Una serie drammatica di morti che impone di alzare il livello di attenzione. È necessario «attivare progetti di accoglienza alla vita carceraria», ci spiega il professore Fiandaca, «soprattutto nei confronti di chi entra per la prima volta in un istituto di pena» e non è attrezzato ad affrontare un trauma simile, «coinvolgendo – previa adeguata formazione – anche gruppi di detenuti nell’attività di sostegno psicologico ai nuovi arrivati». «Mancano le risorse umane, gli specialisti in psichiatria sono andati via via diminuendo», denuncia Fiandaca. Intanto il disagio dilaga, anche a causa del Covid che ha prodotto angoscia e sofferenza particolarmente acute nelle prigioni: per la paura del contagio associata alla difficoltà di isolare i positivi in ambienti sovraffollati, ma anche per le restrizioni che hanno limitato i colloqui, allentando ulteriormente il filo delle relazioni affettive e i rapporti con l’esterno.

«Si stima, ma non ci sono statistiche precise, che il disagio psichico riguardi più del 40 per cento dei detenuti, chiudiamo in carcere persone fragili sapendo che la detenzione non potrà che peggiorare la loro condizione. Prima di disporre le misure carcerarie, ogni magistrato dovrebbe valutare anche le condizioni psicologiche, ma chi ha la sensibilità per farlo?», domanda Giovanni Fiandaca, che coglie così l’occasione per mandare un messaggio in vista della nomina del capo del Dipartimento dell’amministrazione penitenziaria, dopo il pensionamento di Dino Petralia: «Non dovrebbe essere un pm, ma un giudice di sorveglianza con la sensibilità e la competenza per affrontare il tema del disagio psichico e delle patologie psichiatricamente rilevanti». C’è però un altro aspetto da non trascurare quando si parla della piaga dei suicidi tra i detenuti, di fragilità e anche di sovraffollamento: le ragioni per le quali si finisce in galera.

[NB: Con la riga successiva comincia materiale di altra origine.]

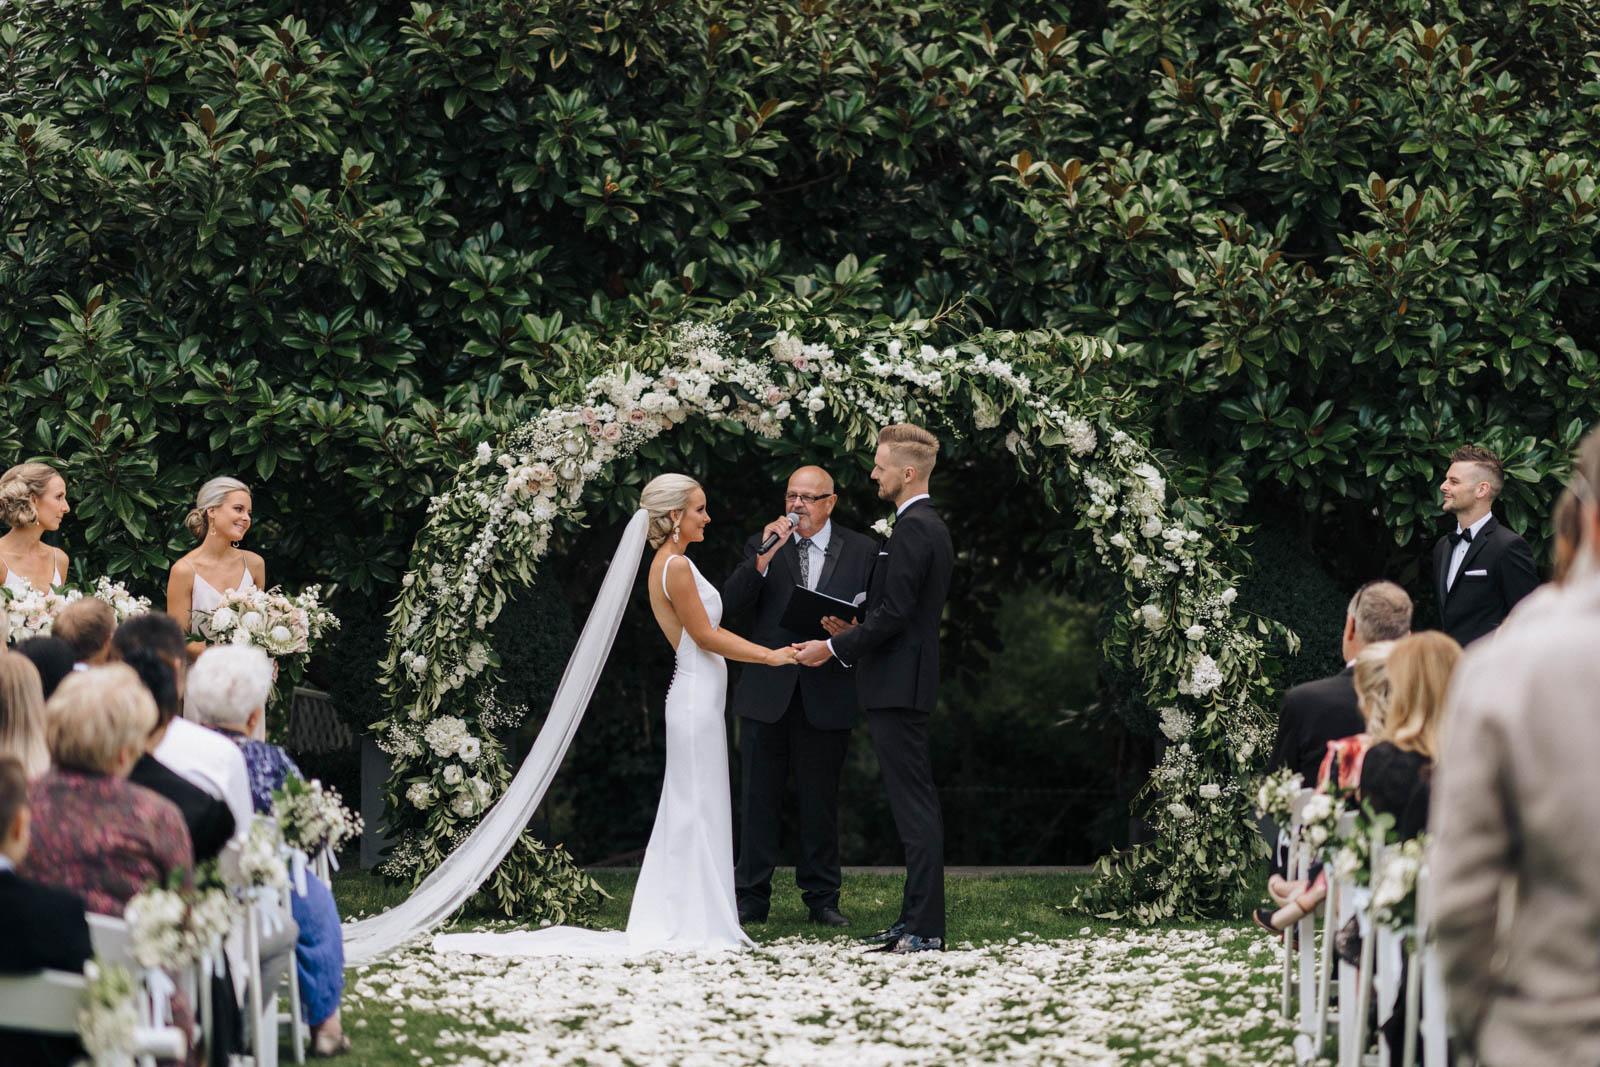 newfound-k-s-hilton-taupo-wedding-photographer-033

Oltre un terzo dei reclusi nelle carceri italiane è dentro per violazione della legge sulle droghe. Proprio come Manuela Agosta. In moltissimi hanno problemi di tossicodipendenza: il 38,6 per cento di coloro che hanno fatto ingresso in prigione nel 2020, si legge nell’ultimo “Libro bianco sulle droghe” curato da Forum droghe, Antigone e altre associazioni, una percentuale in aumento costante. Anche per questo da più parti si invoca una modifica del testo unico sugli stupefacenti che, attraverso un deciso intervento di depenalizzazione, consentirebbe di risolvere l’annoso problema del sovraffollamento in carcere, nuovamente in crescita dopo la flessione dovuta alle misure straordinarie anticovid varate dal governo per prevenire il contagio tra i detenuti.

Il 15 febbraio la Corte costituzionale è chiamata a giudicare l’ammissibilità del quesito referendario che punta, tra l’altro, a eliminare le pene carcerarie per tutte le condotte legate alla cannabis. Una riforma in senso antiproibizionista, che darebbe una boccata d’ossigeno al disastrato sistema penitenziario, risparmiando a tanti l’esperienza della galera.